Supplied data:
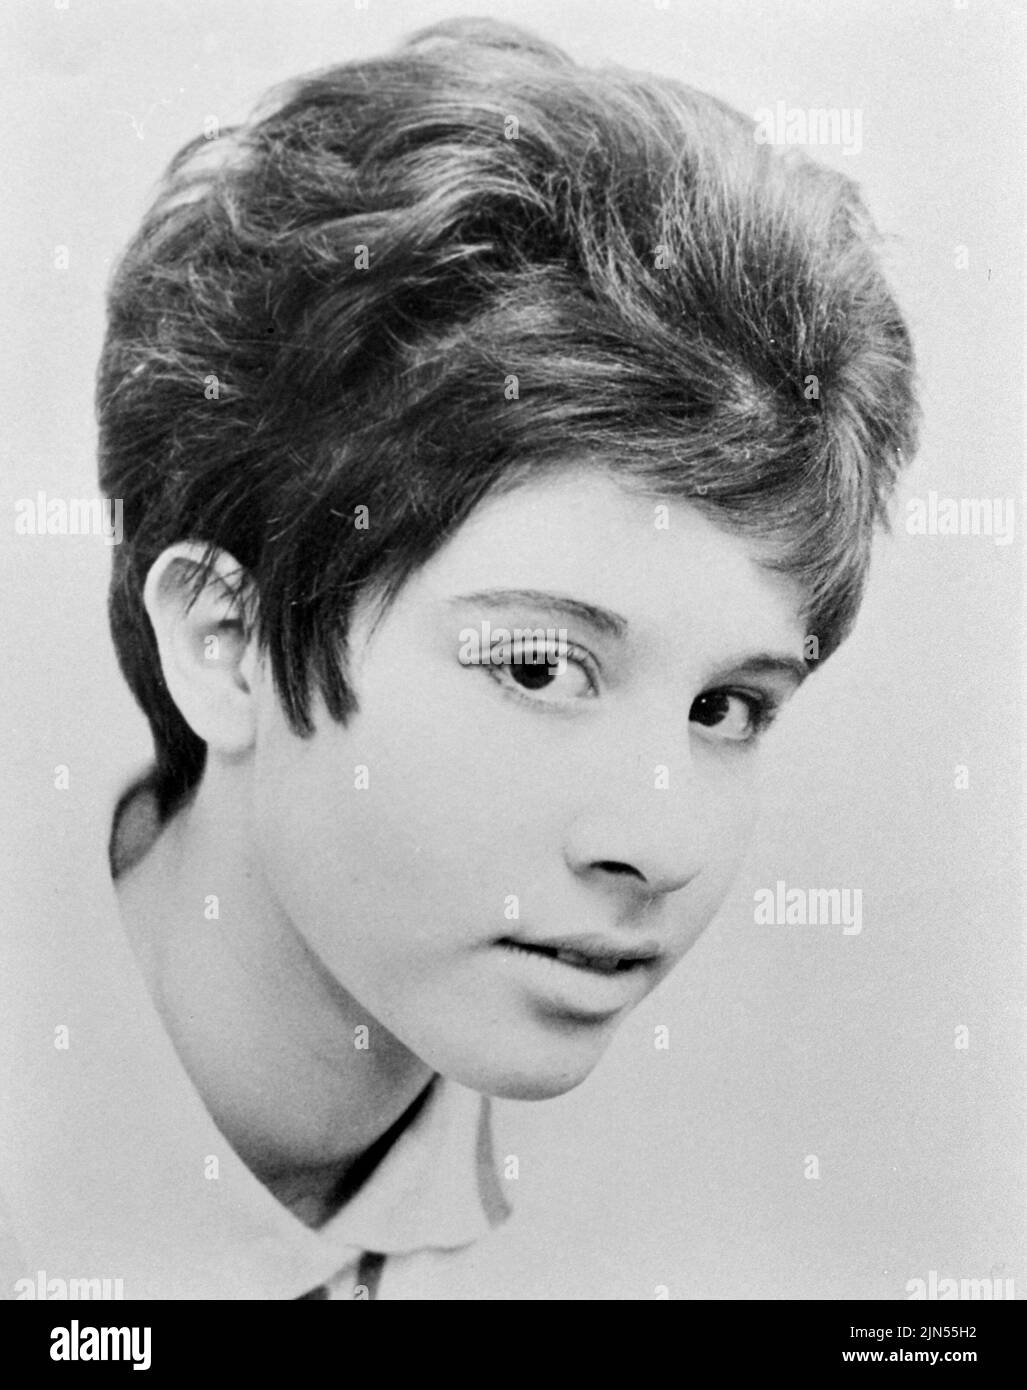 HELEN SHAPIRO Foto promozionale del cantante pop inglese nel 1961 Foto Stock
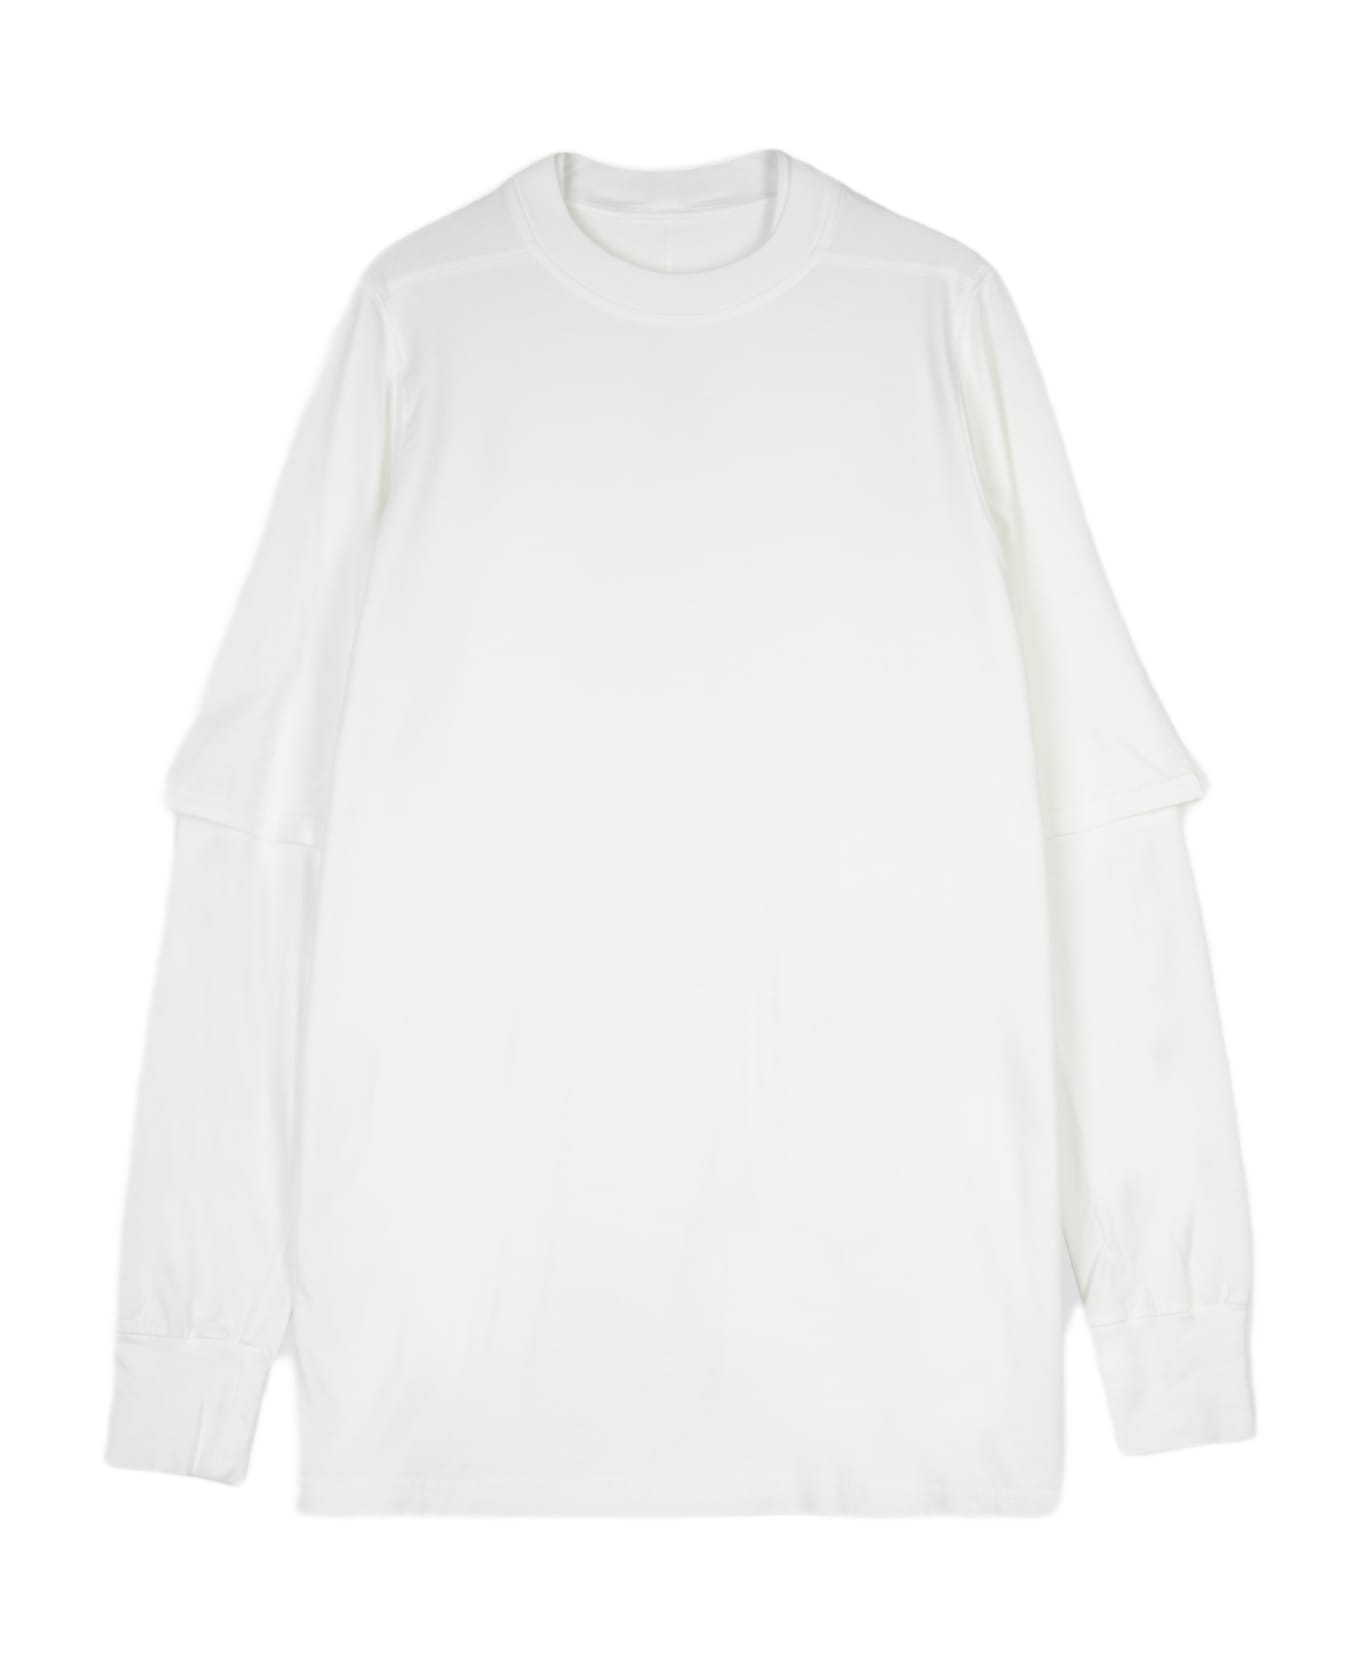 DRKSHDW Hustler T White Cotton Layered T-shirt With Long Sleeves - Hustler T - Latte シャツ
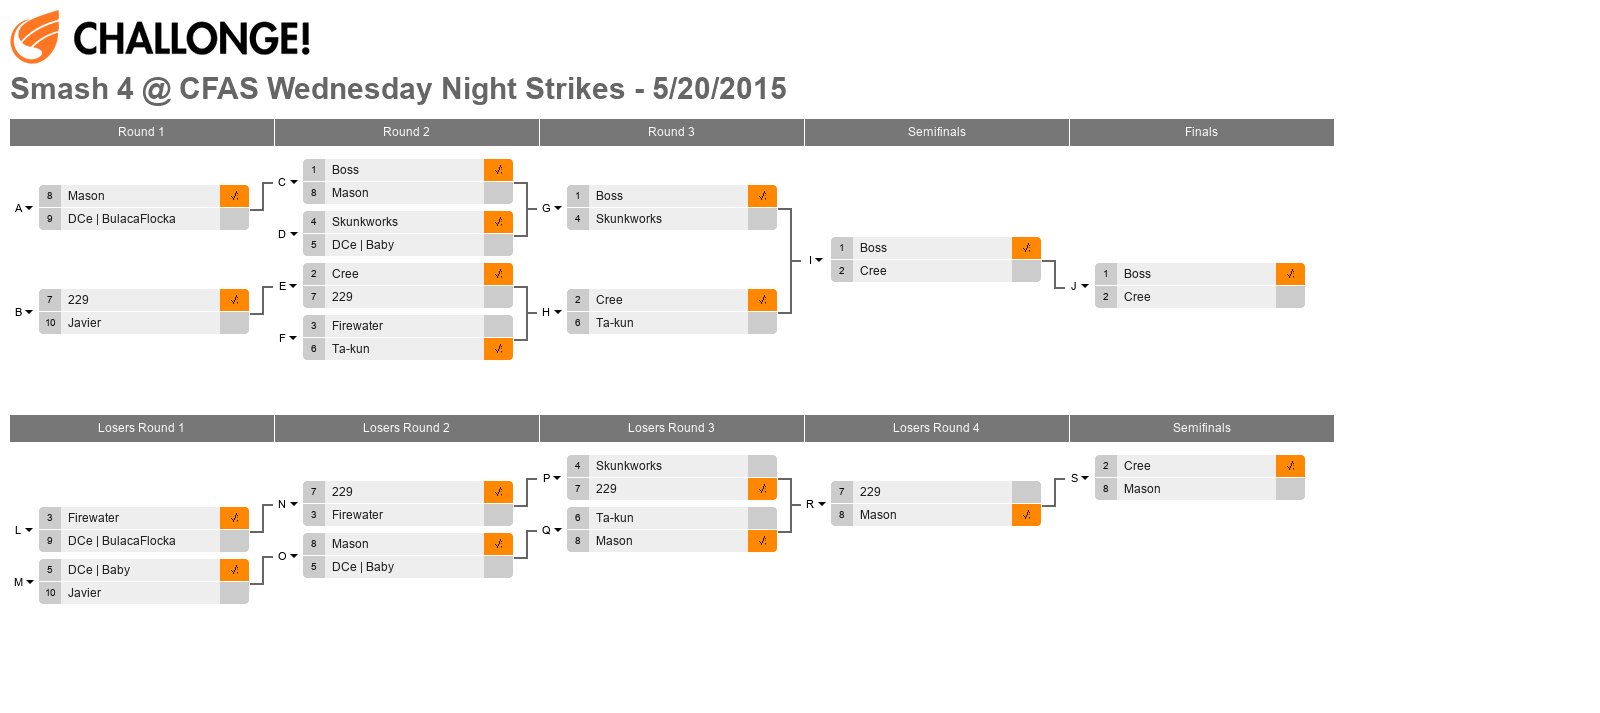 Smash 4 @ CFAS Wednesday Night Strikes - 5/20/2015

About this exercise: Line by line, return the listing above exactly, leaving out its pictures.

Output of the exercise:
 HELEN SHAPIRO Foto promozionale del cantante pop inglese nel 1961 Foto Stock
 DRKSHDW Hustler T White Cotton Layered T-shirt With Long Sleeves - Hustler T - Latte シャツ
 Smash 4 @ CFAS Wednesday Night Strikes - 5/20/2015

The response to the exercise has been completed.